Pictures are to be omitted; everything else in the data must be transcribed exactly.

Exercise data Start Marker

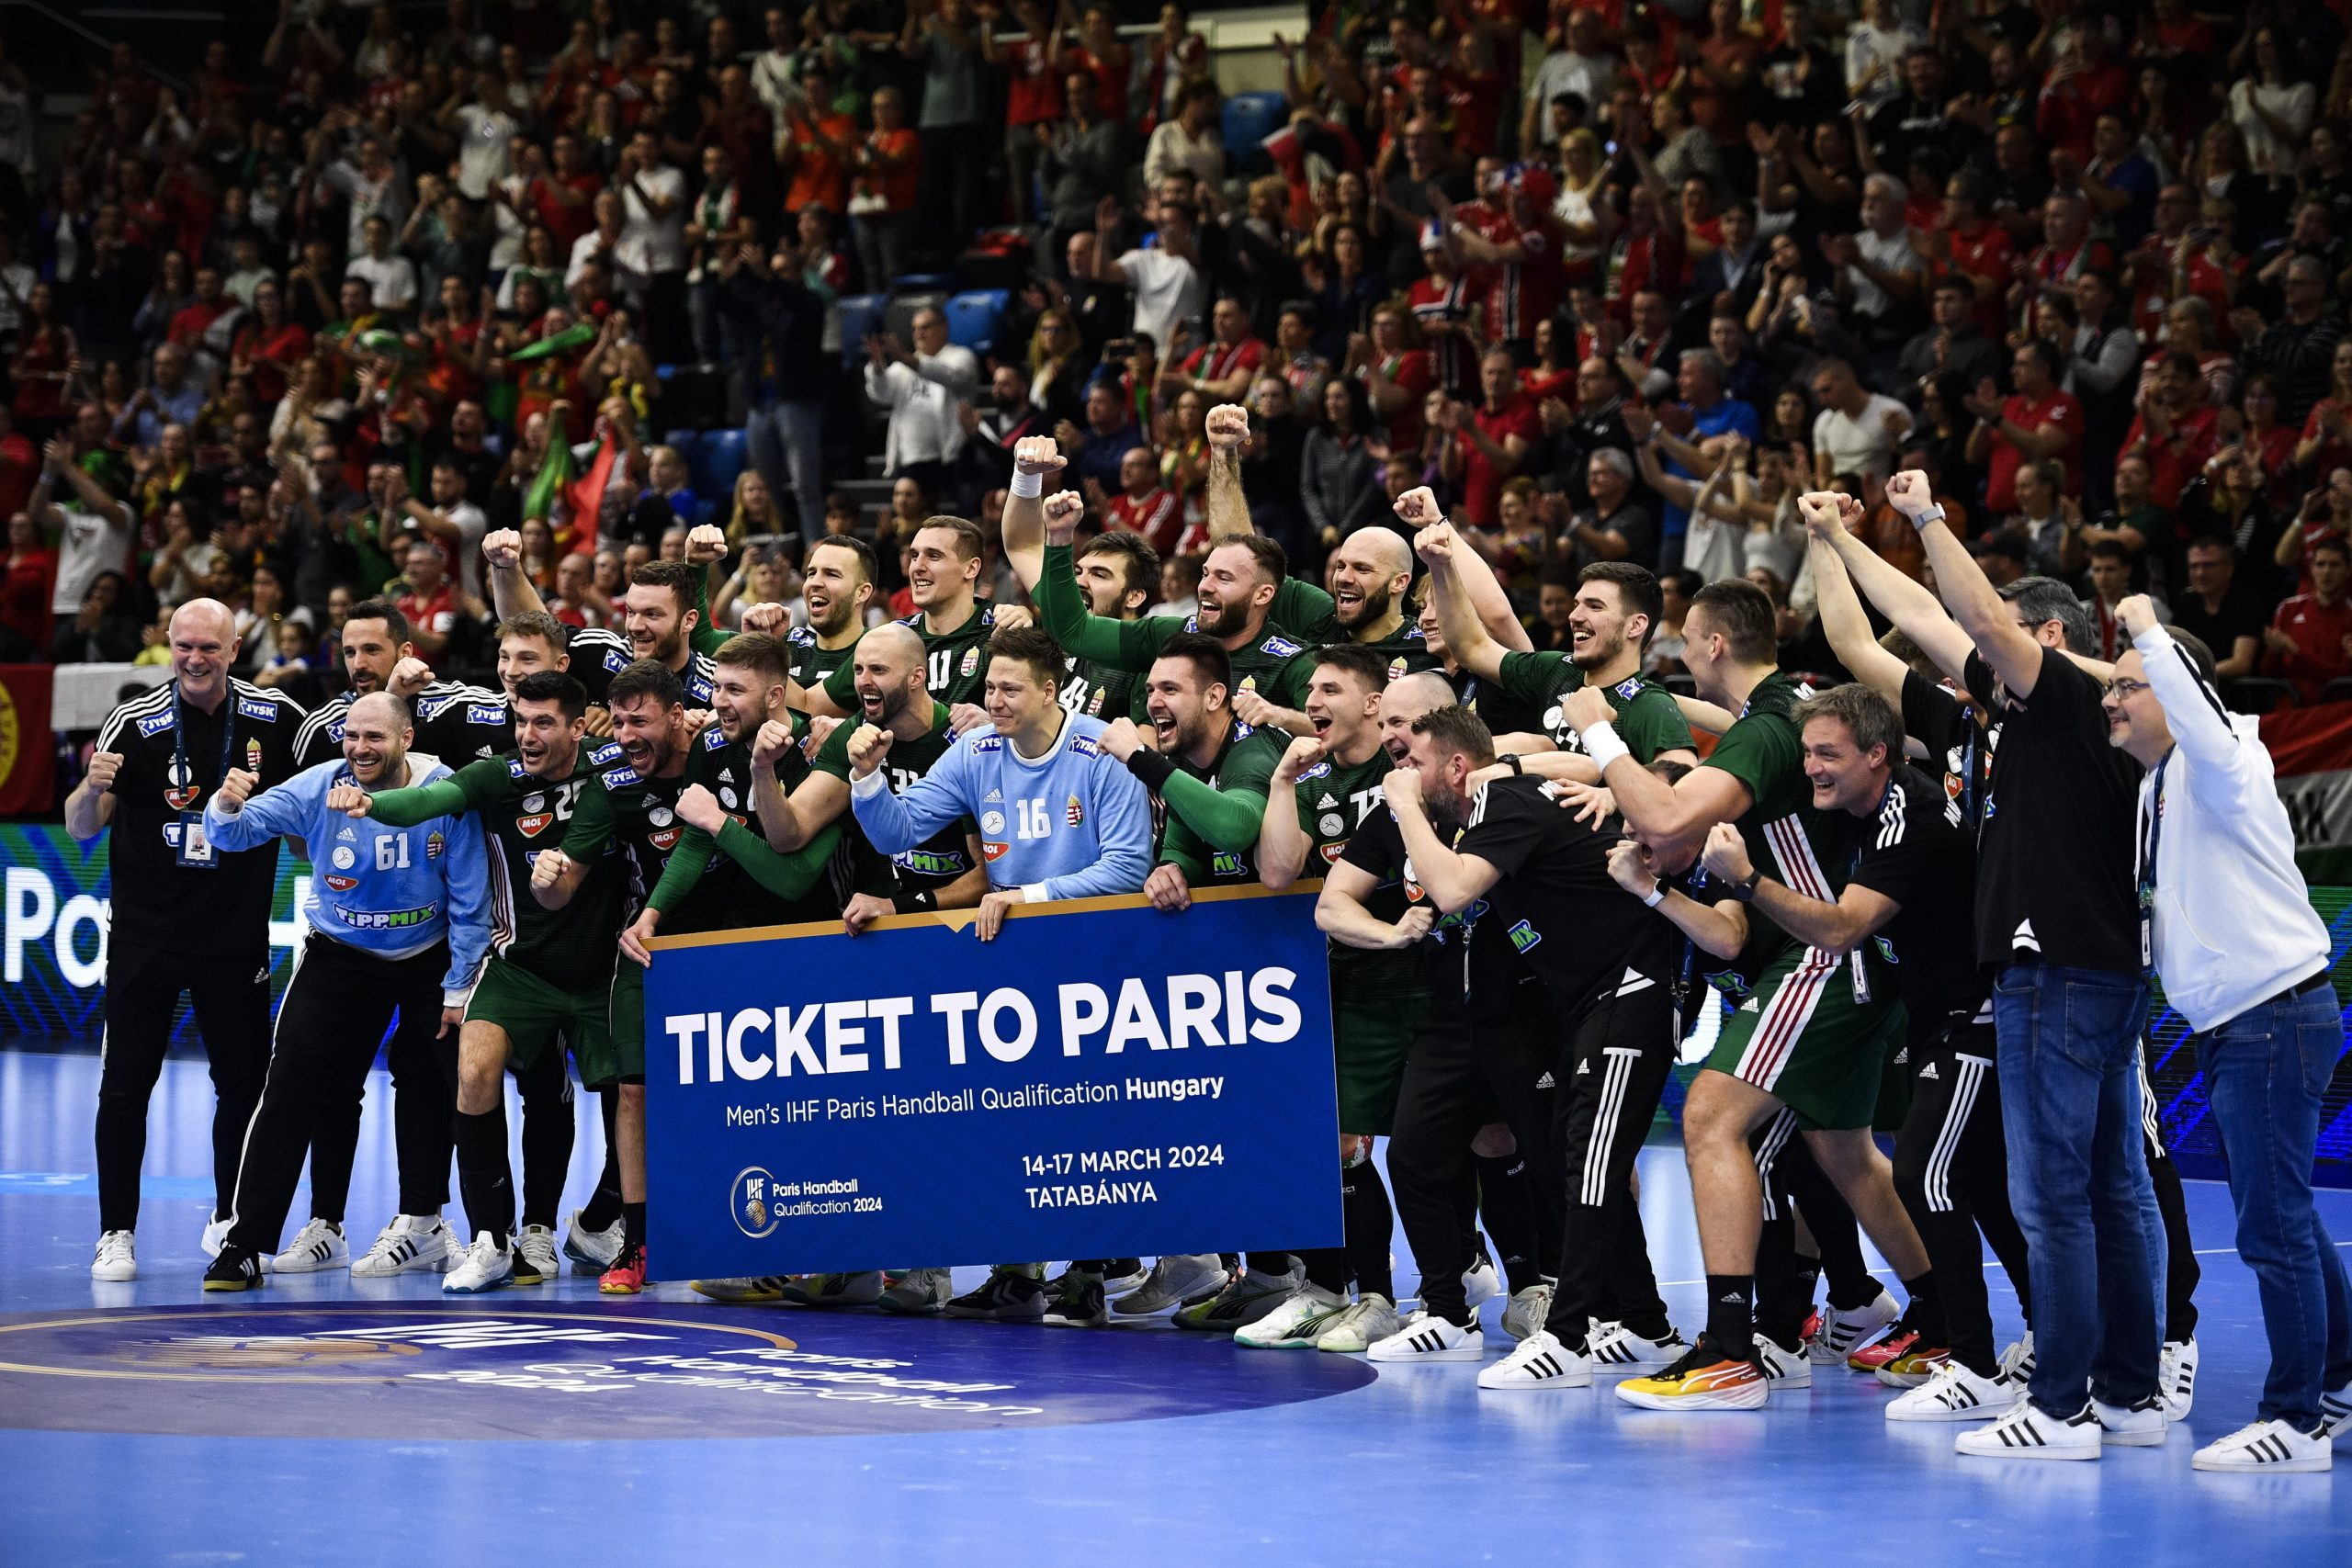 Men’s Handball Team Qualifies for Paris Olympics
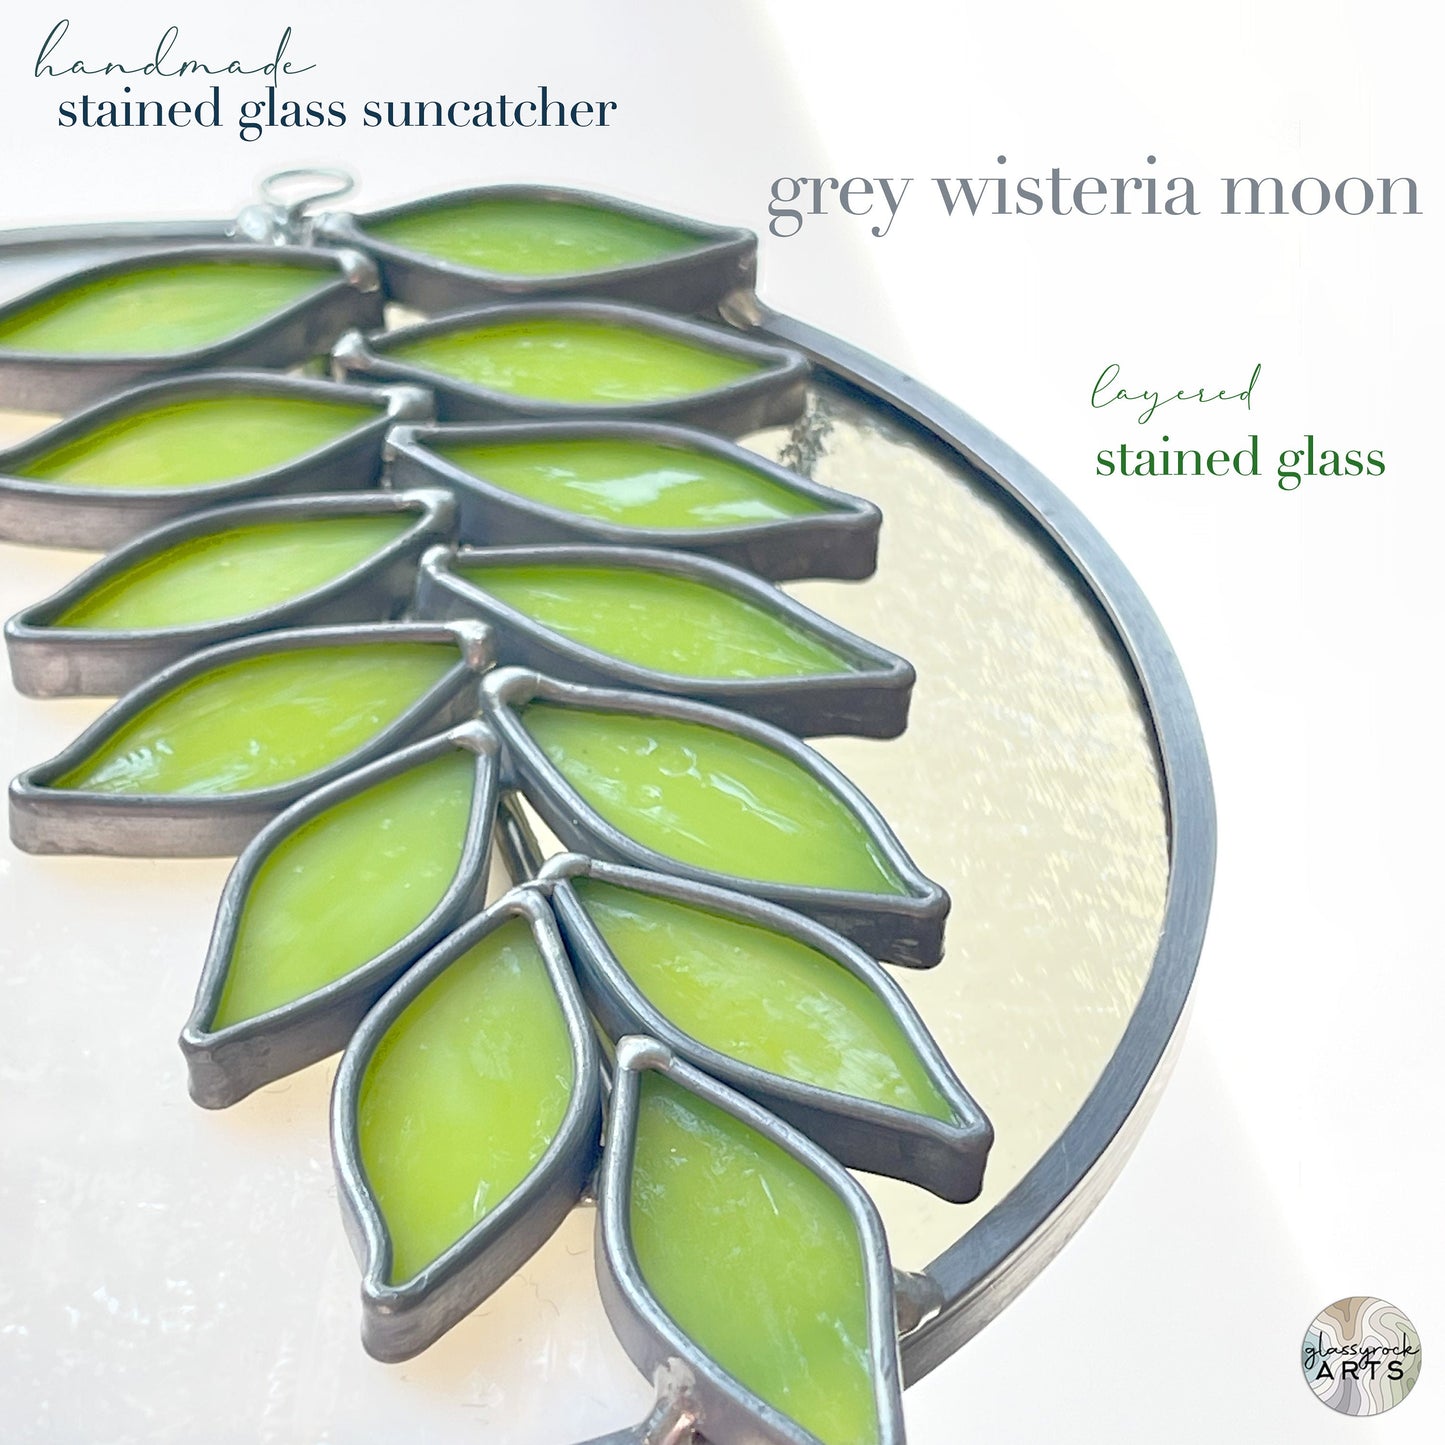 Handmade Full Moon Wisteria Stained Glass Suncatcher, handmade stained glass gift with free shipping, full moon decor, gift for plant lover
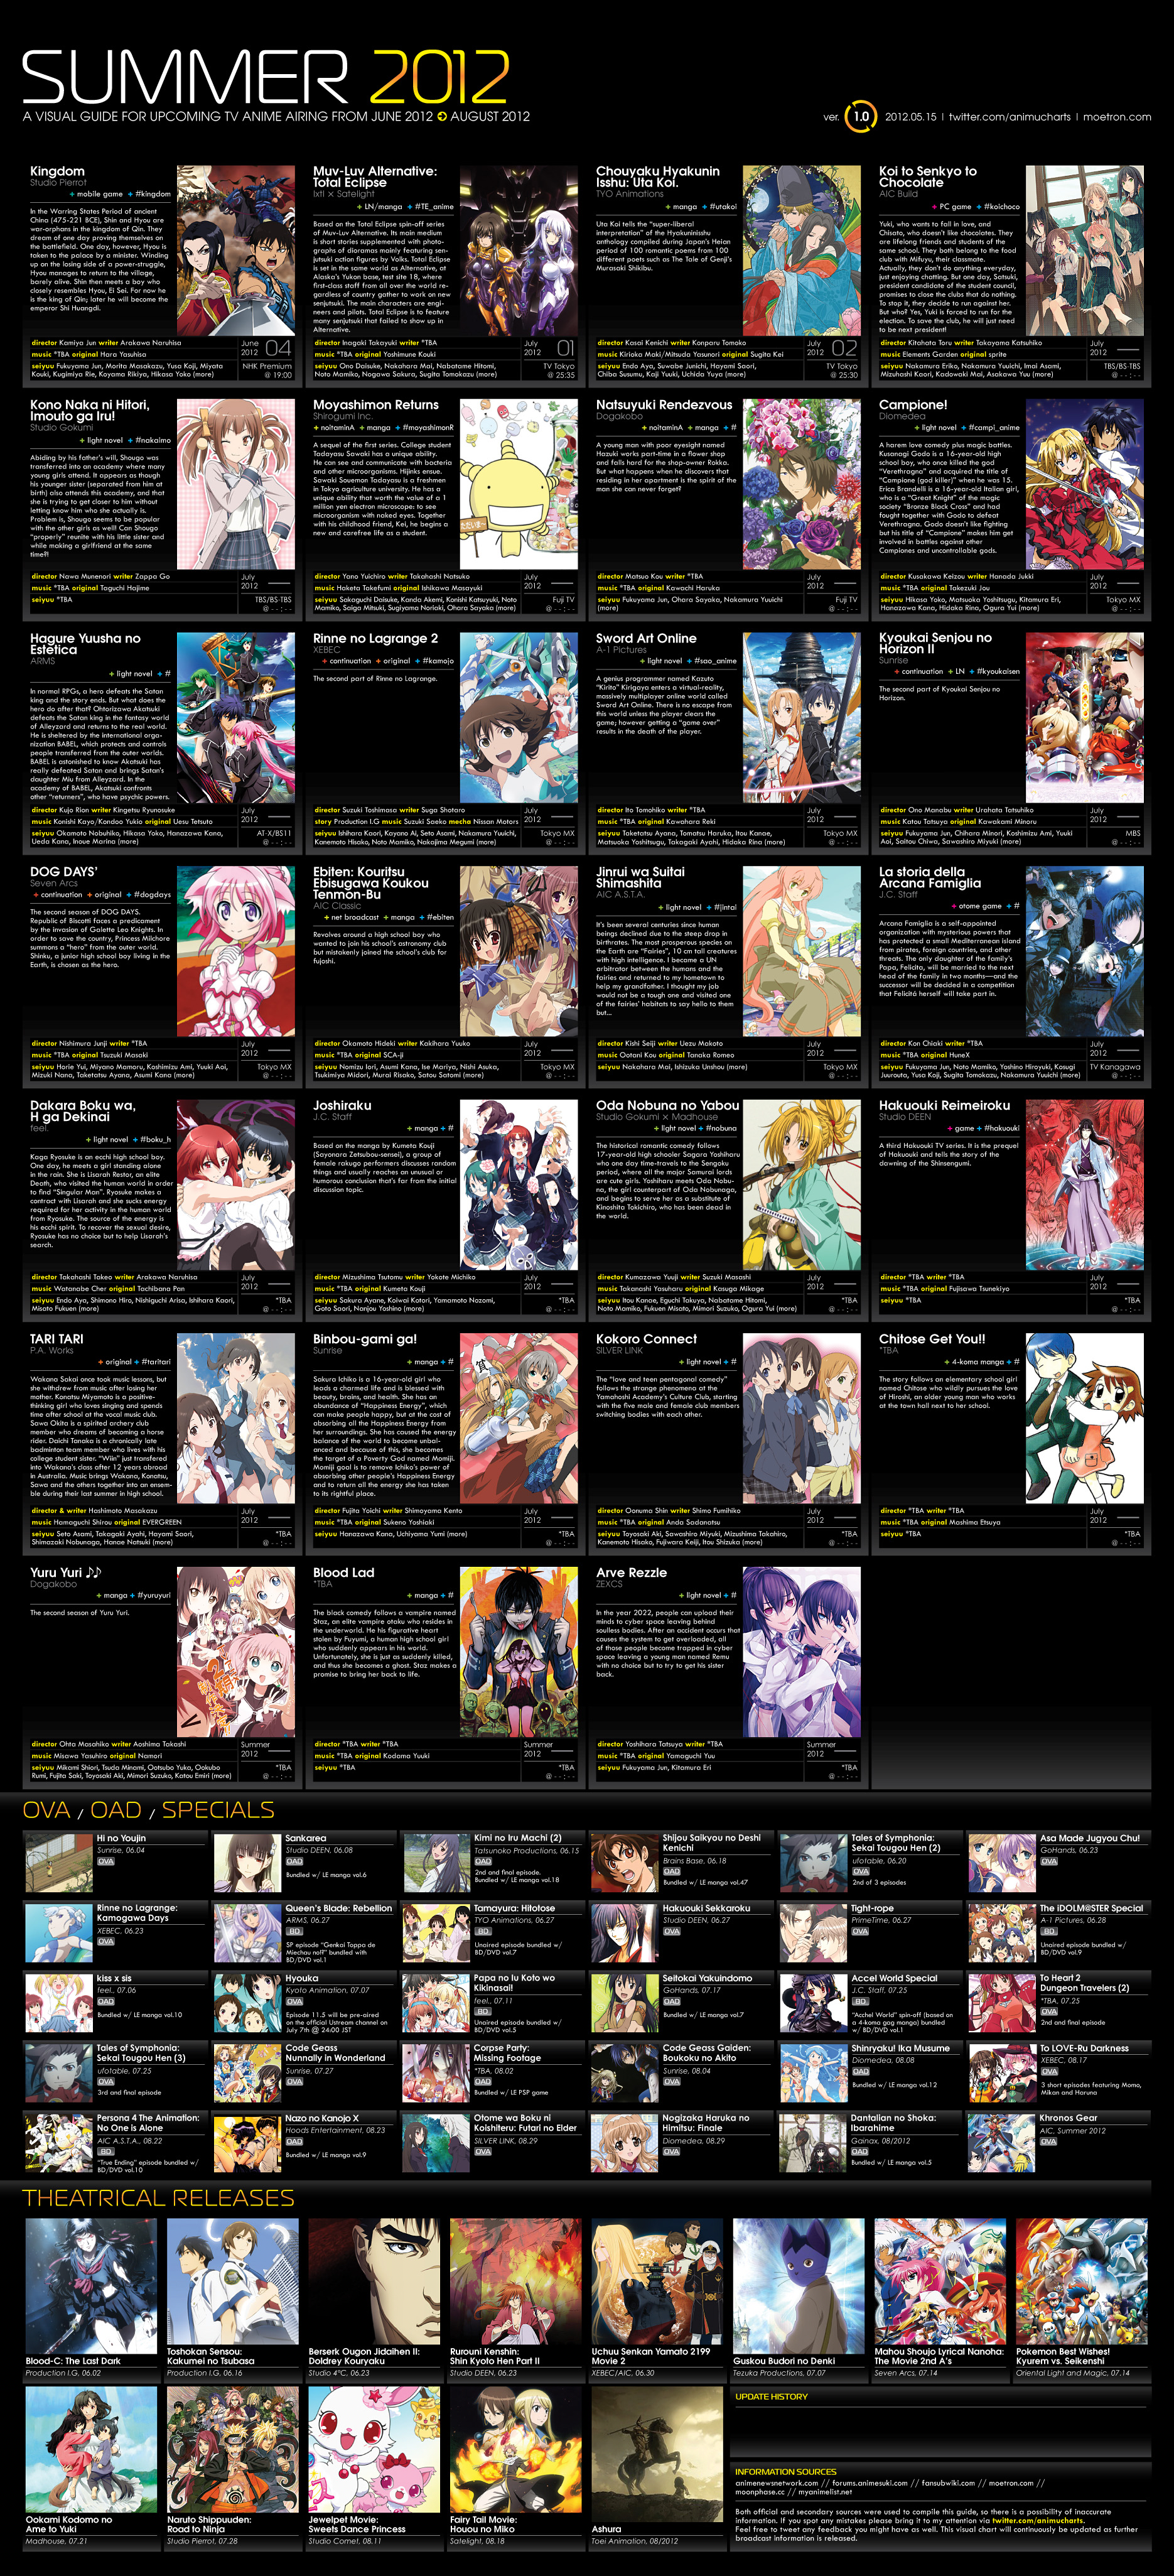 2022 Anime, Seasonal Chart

Exercise data End Marker

__Solution__.
 Men’s Handball Team Qualifies for Paris Olympics
 Handmade Full Moon Wisteria Stained Glass Suncatcher, handmade stained glass gift with free shipping, full moon decor, gift for plant lover
 2022 Anime, Seasonal Chart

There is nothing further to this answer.